Directions for this task —
For this exercise, repeat every line of the material exactly.

** Opening Given information block **

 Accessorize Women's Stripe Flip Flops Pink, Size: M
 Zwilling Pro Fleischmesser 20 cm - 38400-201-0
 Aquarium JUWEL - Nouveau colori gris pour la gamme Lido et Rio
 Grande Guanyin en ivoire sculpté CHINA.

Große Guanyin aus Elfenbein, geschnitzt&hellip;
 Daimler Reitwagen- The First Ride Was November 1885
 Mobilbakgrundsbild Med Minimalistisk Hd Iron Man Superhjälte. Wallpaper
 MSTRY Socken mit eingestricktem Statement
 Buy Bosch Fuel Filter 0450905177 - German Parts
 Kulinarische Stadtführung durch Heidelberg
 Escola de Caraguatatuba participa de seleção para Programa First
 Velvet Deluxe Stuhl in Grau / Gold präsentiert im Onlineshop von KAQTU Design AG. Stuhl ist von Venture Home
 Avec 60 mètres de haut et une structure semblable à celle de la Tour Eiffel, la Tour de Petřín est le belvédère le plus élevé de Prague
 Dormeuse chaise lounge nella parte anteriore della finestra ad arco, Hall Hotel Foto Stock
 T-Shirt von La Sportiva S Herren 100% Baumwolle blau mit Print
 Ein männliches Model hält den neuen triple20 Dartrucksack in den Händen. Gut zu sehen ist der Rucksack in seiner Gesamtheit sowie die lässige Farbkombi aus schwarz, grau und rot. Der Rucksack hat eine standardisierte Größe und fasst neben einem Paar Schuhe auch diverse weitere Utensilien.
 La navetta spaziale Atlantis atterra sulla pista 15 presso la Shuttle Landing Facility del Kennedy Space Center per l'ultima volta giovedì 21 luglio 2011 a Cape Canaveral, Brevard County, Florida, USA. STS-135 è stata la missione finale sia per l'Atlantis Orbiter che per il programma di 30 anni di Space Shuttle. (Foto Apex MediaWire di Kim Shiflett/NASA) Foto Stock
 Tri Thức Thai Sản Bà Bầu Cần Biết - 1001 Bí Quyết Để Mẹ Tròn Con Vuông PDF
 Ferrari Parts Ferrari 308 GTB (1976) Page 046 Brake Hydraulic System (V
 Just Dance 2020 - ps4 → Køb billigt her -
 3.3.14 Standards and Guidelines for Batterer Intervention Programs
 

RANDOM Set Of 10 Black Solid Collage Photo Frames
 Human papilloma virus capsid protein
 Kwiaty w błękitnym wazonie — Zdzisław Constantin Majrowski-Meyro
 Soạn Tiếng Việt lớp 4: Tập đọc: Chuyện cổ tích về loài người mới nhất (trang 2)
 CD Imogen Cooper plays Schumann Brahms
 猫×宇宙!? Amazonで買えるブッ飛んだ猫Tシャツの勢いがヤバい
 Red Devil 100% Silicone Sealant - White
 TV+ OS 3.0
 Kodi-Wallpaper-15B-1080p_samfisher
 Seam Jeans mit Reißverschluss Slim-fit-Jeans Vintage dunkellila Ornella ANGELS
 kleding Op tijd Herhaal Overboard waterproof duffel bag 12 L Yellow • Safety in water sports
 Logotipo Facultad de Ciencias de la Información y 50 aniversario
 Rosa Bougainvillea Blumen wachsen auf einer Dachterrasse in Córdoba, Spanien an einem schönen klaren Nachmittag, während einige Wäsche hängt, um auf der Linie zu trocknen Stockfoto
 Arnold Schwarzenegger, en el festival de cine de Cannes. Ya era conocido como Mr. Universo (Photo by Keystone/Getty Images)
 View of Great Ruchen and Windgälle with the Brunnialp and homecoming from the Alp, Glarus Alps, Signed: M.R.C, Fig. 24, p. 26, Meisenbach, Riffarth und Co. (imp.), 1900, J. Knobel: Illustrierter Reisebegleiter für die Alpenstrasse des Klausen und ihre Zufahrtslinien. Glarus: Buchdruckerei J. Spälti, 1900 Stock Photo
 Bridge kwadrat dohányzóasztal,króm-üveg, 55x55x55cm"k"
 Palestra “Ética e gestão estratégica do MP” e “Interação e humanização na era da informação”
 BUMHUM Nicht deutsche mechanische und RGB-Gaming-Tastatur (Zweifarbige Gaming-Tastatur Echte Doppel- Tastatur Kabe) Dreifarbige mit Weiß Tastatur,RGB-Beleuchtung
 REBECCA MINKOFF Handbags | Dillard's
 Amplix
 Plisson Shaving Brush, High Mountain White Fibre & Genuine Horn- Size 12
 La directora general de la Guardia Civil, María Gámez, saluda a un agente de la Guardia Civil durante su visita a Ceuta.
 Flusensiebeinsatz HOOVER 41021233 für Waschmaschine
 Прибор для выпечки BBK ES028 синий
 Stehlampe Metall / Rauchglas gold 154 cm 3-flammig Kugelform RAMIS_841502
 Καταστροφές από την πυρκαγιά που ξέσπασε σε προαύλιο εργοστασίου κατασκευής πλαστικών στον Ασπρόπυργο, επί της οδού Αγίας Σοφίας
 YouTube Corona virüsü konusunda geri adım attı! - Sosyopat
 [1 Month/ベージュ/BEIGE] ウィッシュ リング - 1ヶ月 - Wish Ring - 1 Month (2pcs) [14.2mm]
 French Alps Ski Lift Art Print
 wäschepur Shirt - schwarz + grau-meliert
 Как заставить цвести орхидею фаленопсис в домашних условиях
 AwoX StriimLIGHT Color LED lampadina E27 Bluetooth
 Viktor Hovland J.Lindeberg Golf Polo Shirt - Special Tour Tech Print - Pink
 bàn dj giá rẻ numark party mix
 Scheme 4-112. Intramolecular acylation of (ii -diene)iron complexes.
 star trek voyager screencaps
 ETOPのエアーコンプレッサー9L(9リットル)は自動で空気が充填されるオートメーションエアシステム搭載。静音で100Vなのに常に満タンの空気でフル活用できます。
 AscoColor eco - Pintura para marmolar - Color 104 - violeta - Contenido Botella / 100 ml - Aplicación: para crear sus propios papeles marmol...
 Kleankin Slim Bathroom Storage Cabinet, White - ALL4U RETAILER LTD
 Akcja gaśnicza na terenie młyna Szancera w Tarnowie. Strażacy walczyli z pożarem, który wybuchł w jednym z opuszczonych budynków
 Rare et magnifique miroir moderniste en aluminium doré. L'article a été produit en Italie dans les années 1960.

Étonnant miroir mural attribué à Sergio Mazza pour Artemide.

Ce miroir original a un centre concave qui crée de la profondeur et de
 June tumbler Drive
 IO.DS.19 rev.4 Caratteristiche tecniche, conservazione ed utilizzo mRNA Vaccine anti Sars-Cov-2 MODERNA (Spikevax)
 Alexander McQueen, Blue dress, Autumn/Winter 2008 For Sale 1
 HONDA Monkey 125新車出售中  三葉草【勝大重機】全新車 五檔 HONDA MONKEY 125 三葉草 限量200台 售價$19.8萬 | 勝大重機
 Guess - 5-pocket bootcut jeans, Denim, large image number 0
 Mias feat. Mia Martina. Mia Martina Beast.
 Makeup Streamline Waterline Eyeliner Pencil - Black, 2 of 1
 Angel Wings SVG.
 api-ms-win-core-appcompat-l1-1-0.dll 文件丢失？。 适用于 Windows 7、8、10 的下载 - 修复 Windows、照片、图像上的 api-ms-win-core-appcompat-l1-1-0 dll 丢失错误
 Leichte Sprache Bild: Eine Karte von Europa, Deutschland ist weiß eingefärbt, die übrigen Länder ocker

** Closing Given information block **

Finished exercise —
 Accessorize Women's Stripe Flip Flops Pink, Size: M
 Zwilling Pro Fleischmesser 20 cm - 38400-201-0
 Aquarium JUWEL - Nouveau colori gris pour la gamme Lido et Rio
 Grande Guanyin en ivoire sculpté CHINA.

Große Guanyin aus Elfenbein, geschnitzt&hellip;
 Daimler Reitwagen- The First Ride Was November 1885
 Mobilbakgrundsbild Med Minimalistisk Hd Iron Man Superhjälte. Wallpaper
 MSTRY Socken mit eingestricktem Statement
 Buy Bosch Fuel Filter 0450905177 - German Parts
 Kulinarische Stadtführung durch Heidelberg
 Escola de Caraguatatuba participa de seleção para Programa First
 Velvet Deluxe Stuhl in Grau / Gold präsentiert im Onlineshop von KAQTU Design AG. Stuhl ist von Venture Home
 Avec 60 mètres de haut et une structure semblable à celle de la Tour Eiffel, la Tour de Petřín est le belvédère le plus élevé de Prague
 Dormeuse chaise lounge nella parte anteriore della finestra ad arco, Hall Hotel Foto Stock
 T-Shirt von La Sportiva S Herren 100% Baumwolle blau mit Print
 Ein männliches Model hält den neuen triple20 Dartrucksack in den Händen. Gut zu sehen ist der Rucksack in seiner Gesamtheit sowie die lässige Farbkombi aus schwarz, grau und rot. Der Rucksack hat eine standardisierte Größe und fasst neben einem Paar Schuhe auch diverse weitere Utensilien.
 La navetta spaziale Atlantis atterra sulla pista 15 presso la Shuttle Landing Facility del Kennedy Space Center per l'ultima volta giovedì 21 luglio 2011 a Cape Canaveral, Brevard County, Florida, USA. STS-135 è stata la missione finale sia per l'Atlantis Orbiter che per il programma di 30 anni di Space Shuttle. (Foto Apex MediaWire di Kim Shiflett/NASA) Foto Stock
 Tri Thức Thai Sản Bà Bầu Cần Biết - 1001 Bí Quyết Để Mẹ Tròn Con Vuông PDF
 Ferrari Parts Ferrari 308 GTB (1976) Page 046 Brake Hydraulic System (V
 Just Dance 2020 - ps4 → Køb billigt her -
 3.3.14 Standards and Guidelines for Batterer Intervention Programs
 

RANDOM Set Of 10 Black Solid Collage Photo Frames
 Human papilloma virus capsid protein
 Kwiaty w błękitnym wazonie — Zdzisław Constantin Majrowski-Meyro
 Soạn Tiếng Việt lớp 4: Tập đọc: Chuyện cổ tích về loài người mới nhất (trang 2)
 CD Imogen Cooper plays Schumann Brahms
 猫×宇宙!? Amazonで買えるブッ飛んだ猫Tシャツの勢いがヤバい
 Red Devil 100% Silicone Sealant - White
 TV+ OS 3.0
 Kodi-Wallpaper-15B-1080p_samfisher
 Seam Jeans mit Reißverschluss Slim-fit-Jeans Vintage dunkellila Ornella ANGELS
 kleding Op tijd Herhaal Overboard waterproof duffel bag 12 L Yellow • Safety in water sports
 Logotipo Facultad de Ciencias de la Información y 50 aniversario
 Rosa Bougainvillea Blumen wachsen auf einer Dachterrasse in Córdoba, Spanien an einem schönen klaren Nachmittag, während einige Wäsche hängt, um auf der Linie zu trocknen Stockfoto
 Arnold Schwarzenegger, en el festival de cine de Cannes. Ya era conocido como Mr. Universo (Photo by Keystone/Getty Images)
 View of Great Ruchen and Windgälle with the Brunnialp and homecoming from the Alp, Glarus Alps, Signed: M.R.C, Fig. 24, p. 26, Meisenbach, Riffarth und Co. (imp.), 1900, J. Knobel: Illustrierter Reisebegleiter für die Alpenstrasse des Klausen und ihre Zufahrtslinien. Glarus: Buchdruckerei J. Spälti, 1900 Stock Photo
 Bridge kwadrat dohányzóasztal,króm-üveg, 55x55x55cm"k"
 Palestra “Ética e gestão estratégica do MP” e “Interação e humanização na era da informação”
 BUMHUM Nicht deutsche mechanische und RGB-Gaming-Tastatur (Zweifarbige Gaming-Tastatur Echte Doppel- Tastatur Kabe) Dreifarbige mit Weiß Tastatur,RGB-Beleuchtung
 REBECCA MINKOFF Handbags | Dillard's
 Amplix
 Plisson Shaving Brush, High Mountain White Fibre & Genuine Horn- Size 12
 La directora general de la Guardia Civil, María Gámez, saluda a un agente de la Guardia Civil durante su visita a Ceuta.
 Flusensiebeinsatz HOOVER 41021233 für Waschmaschine
 Прибор для выпечки BBK ES028 синий
 Stehlampe Metall / Rauchglas gold 154 cm 3-flammig Kugelform RAMIS_841502
 Καταστροφές από την πυρκαγιά που ξέσπασε σε προαύλιο εργοστασίου κατασκευής πλαστικών στον Ασπρόπυργο, επί της οδού Αγίας Σοφίας
 YouTube Corona virüsü konusunda geri adım attı! - Sosyopat
 [1 Month/ベージュ/BEIGE] ウィッシュ リング - 1ヶ月 - Wish Ring - 1 Month (2pcs) [14.2mm]
 French Alps Ski Lift Art Print
 wäschepur Shirt - schwarz + grau-meliert
 Как заставить цвести орхидею фаленопсис в домашних условиях
 AwoX StriimLIGHT Color LED lampadina E27 Bluetooth
 Viktor Hovland J.Lindeberg Golf Polo Shirt - Special Tour Tech Print - Pink
 bàn dj giá rẻ numark party mix
 Scheme 4-112. Intramolecular acylation of (ii -diene)iron complexes.
 star trek voyager screencaps
 ETOPのエアーコンプレッサー9L(9リットル)は自動で空気が充填されるオートメーションエアシステム搭載。静音で100Vなのに常に満タンの空気でフル活用できます。
 AscoColor eco - Pintura para marmolar - Color 104 - violeta - Contenido Botella / 100 ml - Aplicación: para crear sus propios papeles marmol...
 Kleankin Slim Bathroom Storage Cabinet, White - ALL4U RETAILER LTD
 Akcja gaśnicza na terenie młyna Szancera w Tarnowie. Strażacy walczyli z pożarem, który wybuchł w jednym z opuszczonych budynków
 Rare et magnifique miroir moderniste en aluminium doré. L'article a été produit en Italie dans les années 1960.

Étonnant miroir mural attribué à Sergio Mazza pour Artemide.

Ce miroir original a un centre concave qui crée de la profondeur et de
 June tumbler Drive
 IO.DS.19 rev.4 Caratteristiche tecniche, conservazione ed utilizzo mRNA Vaccine anti Sars-Cov-2 MODERNA (Spikevax)
 Alexander McQueen, Blue dress, Autumn/Winter 2008 For Sale 1
 HONDA Monkey 125新車出售中  三葉草【勝大重機】全新車 五檔 HONDA MONKEY 125 三葉草 限量200台 售價$19.8萬 | 勝大重機
 Guess - 5-pocket bootcut jeans, Denim, large image number 0
 Mias feat. Mia Martina. Mia Martina Beast.
 Makeup Streamline Waterline Eyeliner Pencil - Black, 2 of 1
 Angel Wings SVG.
 api-ms-win-core-appcompat-l1-1-0.dll 文件丢失？。 适用于 Windows 7、8、10 的下载 - 修复 Windows、照片、图像上的 api-ms-win-core-appcompat-l1-1-0 dll 丢失错误
 Leichte Sprache Bild: Eine Karte von Europa, Deutschland ist weiß eingefärbt, die übrigen Länder ocker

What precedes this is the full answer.